Image of a set of zero measure has zero measure

Question

I am studying for my final and got stuck on the following problem from the previous year. I put my attempt below.

Suppose that $I\subset \mathbb{R}$ is an open interval, $f:I\rightarrow \mathbb{R}$ is differentiable on $I$ and its derivative is continuous on $I$. If $a,b\in I$ and $E\subseteq [a,b]$ is of Lebesgue measure zero, show that $f(E)$ is a set of Lebesgue measure zero.

I think that since $E$ is a set of measure zero for every $\varepsilon>0$, there is a countable covering of $E$ with disjoint open intervals $E\subset \cup_{i\geq 1} U_i$ where $|U_i|=d_i$, so that $\sum_{i=1}m^\ast(U_i)=\sum_{i=1} d_i<\varepsilon$, then: $$ m^\ast(f(E))\leq \sum_{i=1} m^\ast(f(U_i))\leq \sum_{i=1}|(f(u_{i1}),f(u_{i2}))|=\sum_{i=1}|f(u_{i1})-f(u_{i2})|\leq \sup_{a\leq t\leq b}|f'(t)| \varepsilon, $$ so $m^\ast(f(E))$ has measure zero as $f'$ is bounded on $[a,b]$.

Howerver, I am not sure why $\sum_{i=1} m^\ast(f(U_i))\leq \sum_{i=1}|(f(u_{i1}),f(u_{i2}))|$.

I am also trying to see why this would imply that for a set $E\subseteq I$ with measure zero, $f(E)$ is a set of measure zero.

Answer 1

Essentially you are taking $ E\subset U $ with $m^*(U)<\epsilon $ where WLOG $U = \cup_i(a_i,b_i) $ for such disjoint intervals and then estimating $$ \sum_i |f(b_i)-f(a_i)| = \sum_i \left|\int^{b_i}_{a_i}f'(t)dt\right| \leq \sum_i \int^{b_i}_{a_i}|f'(t)|dt = \int_U |f'(t)|dt \leq \epsilon \sup |f'(t)| $$ But as you rightly doubted, although $U = \cup_i(a_i,b_i) $, it doesn't necessarily imply $f(U) \subset \cup_i(f(a_i),f(b_i)) $ from which you may conclude from above $$ m^*(f(U))\leq \sum_i |f(b_i)-f(a_i)| \leq \epsilon \sup|f'(t)| $$ However the implication is true for monotonically increasing functions.
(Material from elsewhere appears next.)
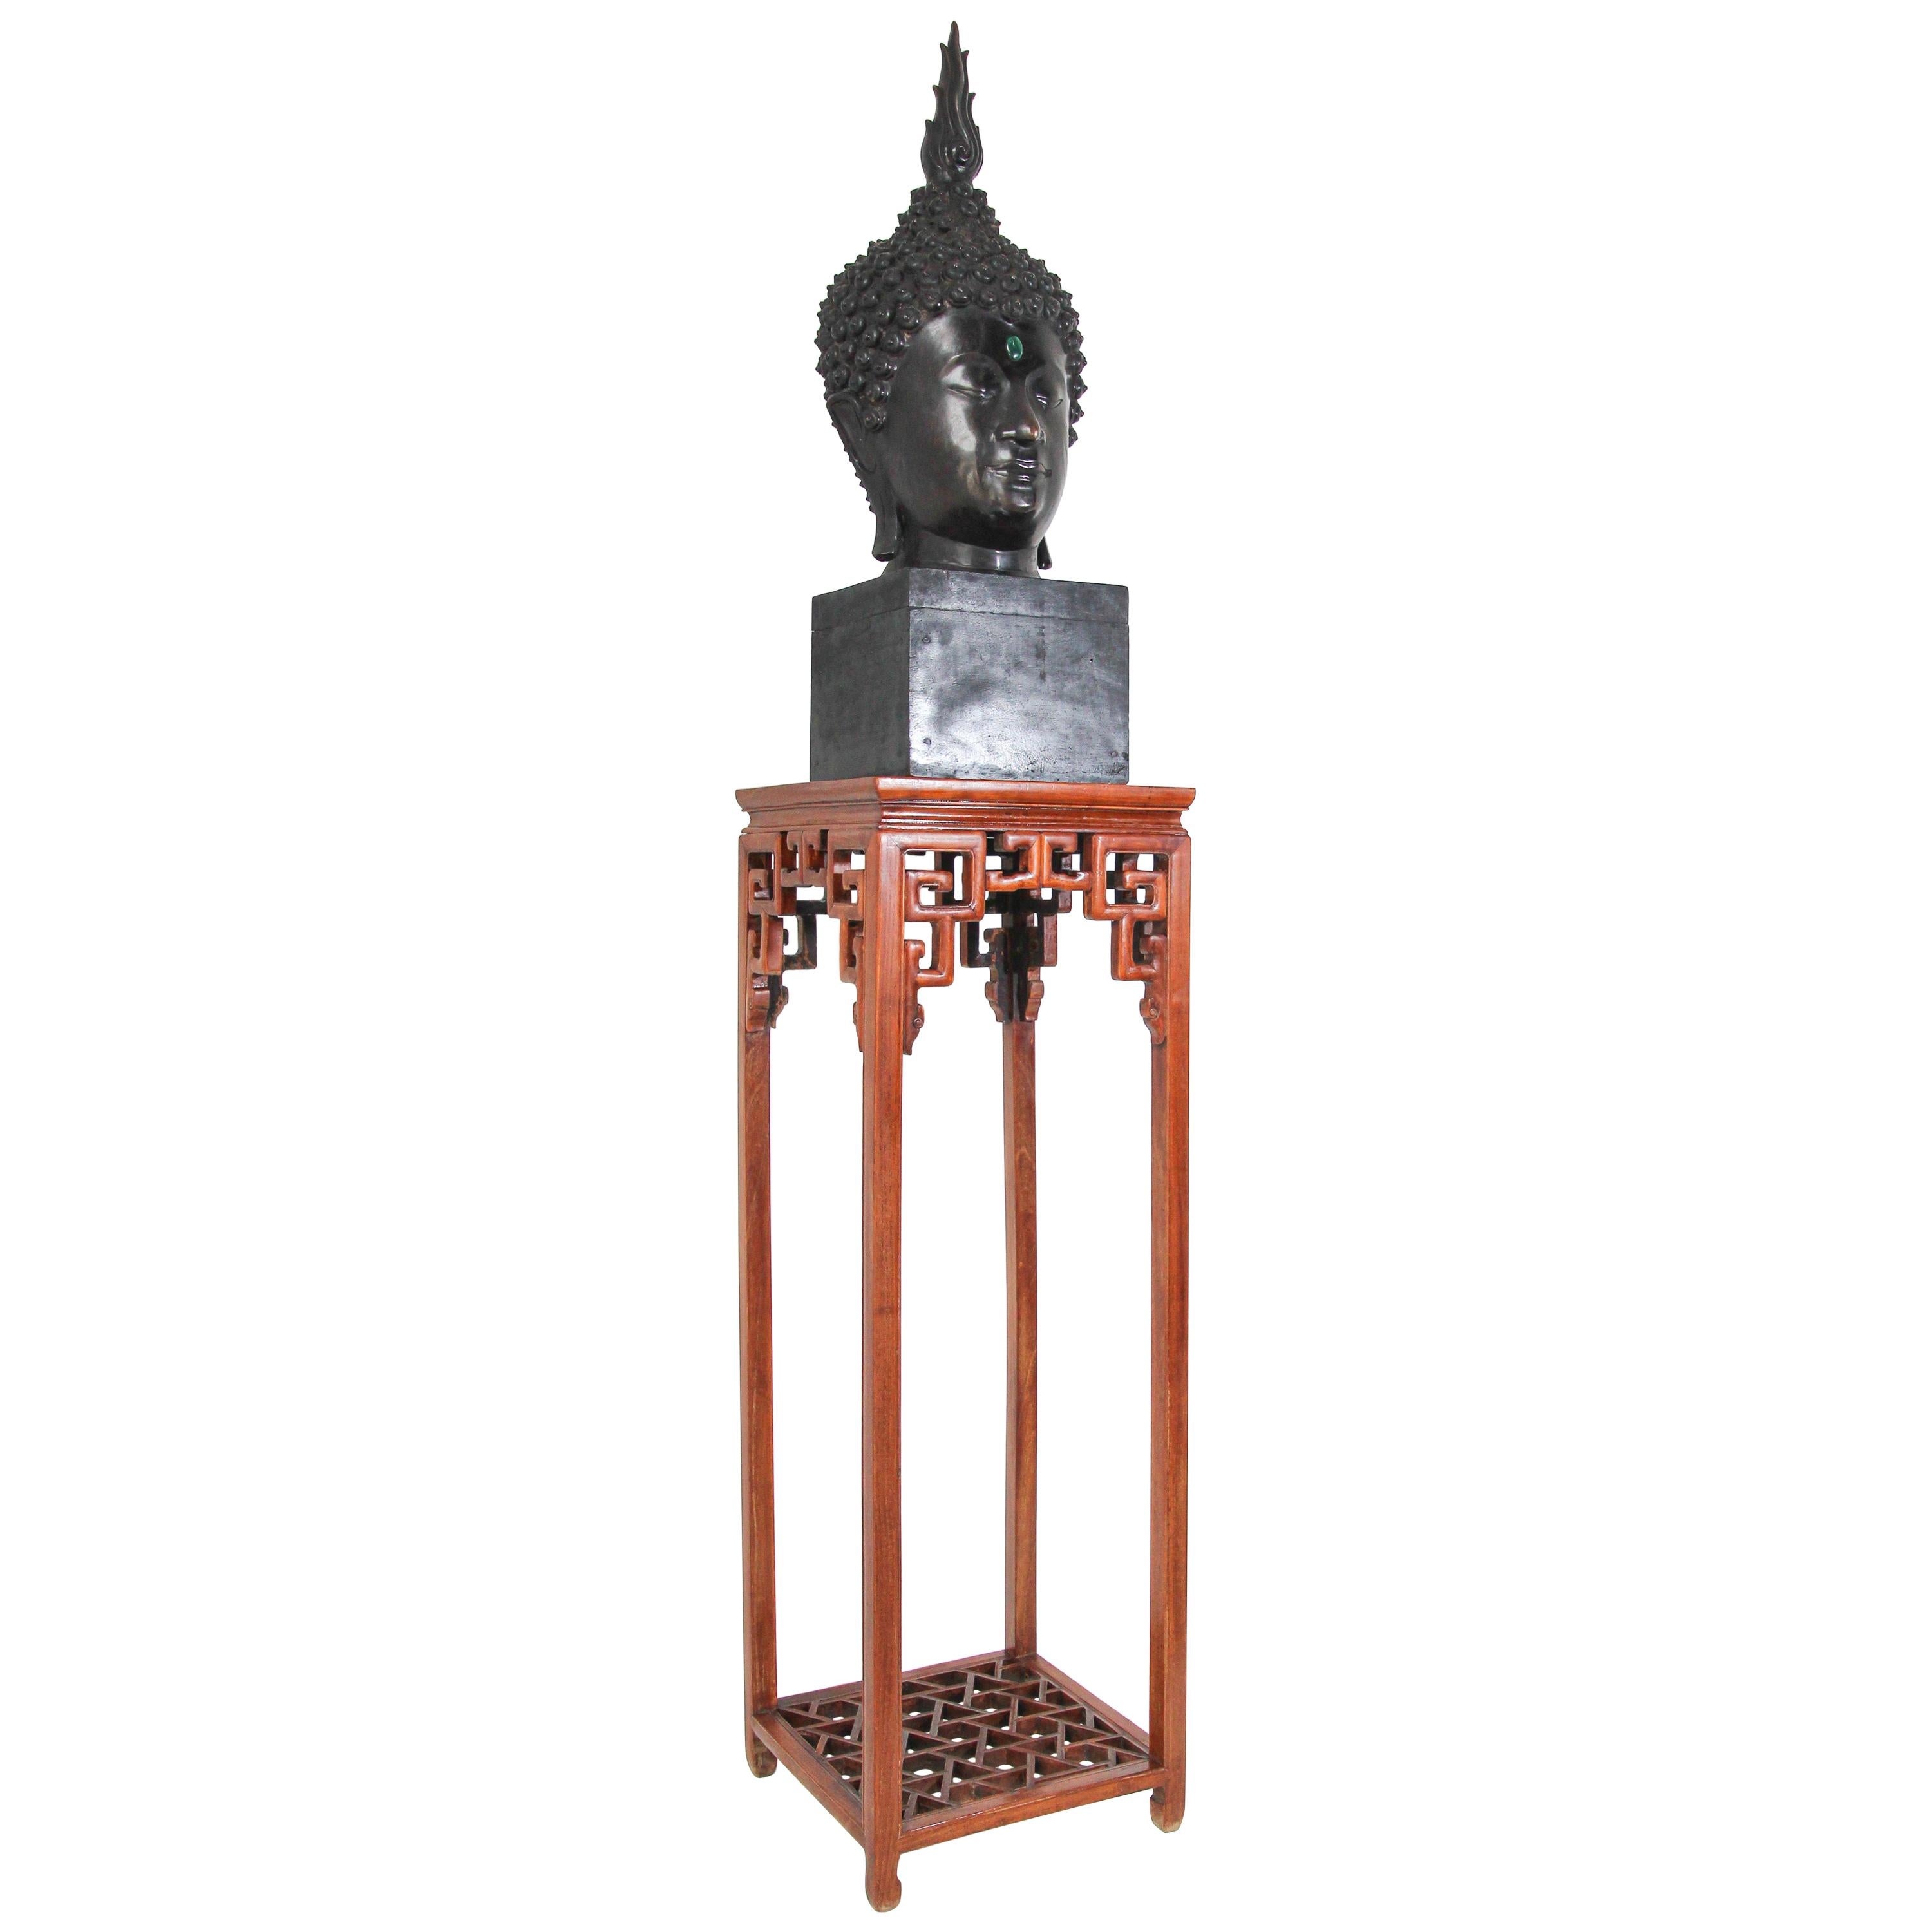 Impressive Bronze Head of Buddha on Pedestal

And infact for your function can be expressed as a difference of two increasing functions, so doing the estimate for increasing functions is good enough.To see this last statement you need to define the total variation, as follows $$ g(x) = V^x_a(f) = \sup\{\ \sum_i|f(x_i)-f(x_{i-1})| \ a= x_0 <x_1<...<x_n = x\} $$ Where the sup is taken over all partitions. So you can observe that for $ a < x<y\leq b $ you have $$ V^y_a(f) = V^x_a(f) + V^y_x(f) $$ which makes $g $ increasing, and also observe $ |f(y) -f(x)| \leq V^y_x(f) = V^y_a(f)-V^x_a(f) $ and hence $ g(y)-f(y) \geq g(x)-f(x) $ making $ g-f $ also increasing, and $ f = g - (g-f) $ and you can estimate $ g(U) $ and $ (g-f)(U) $ seperately.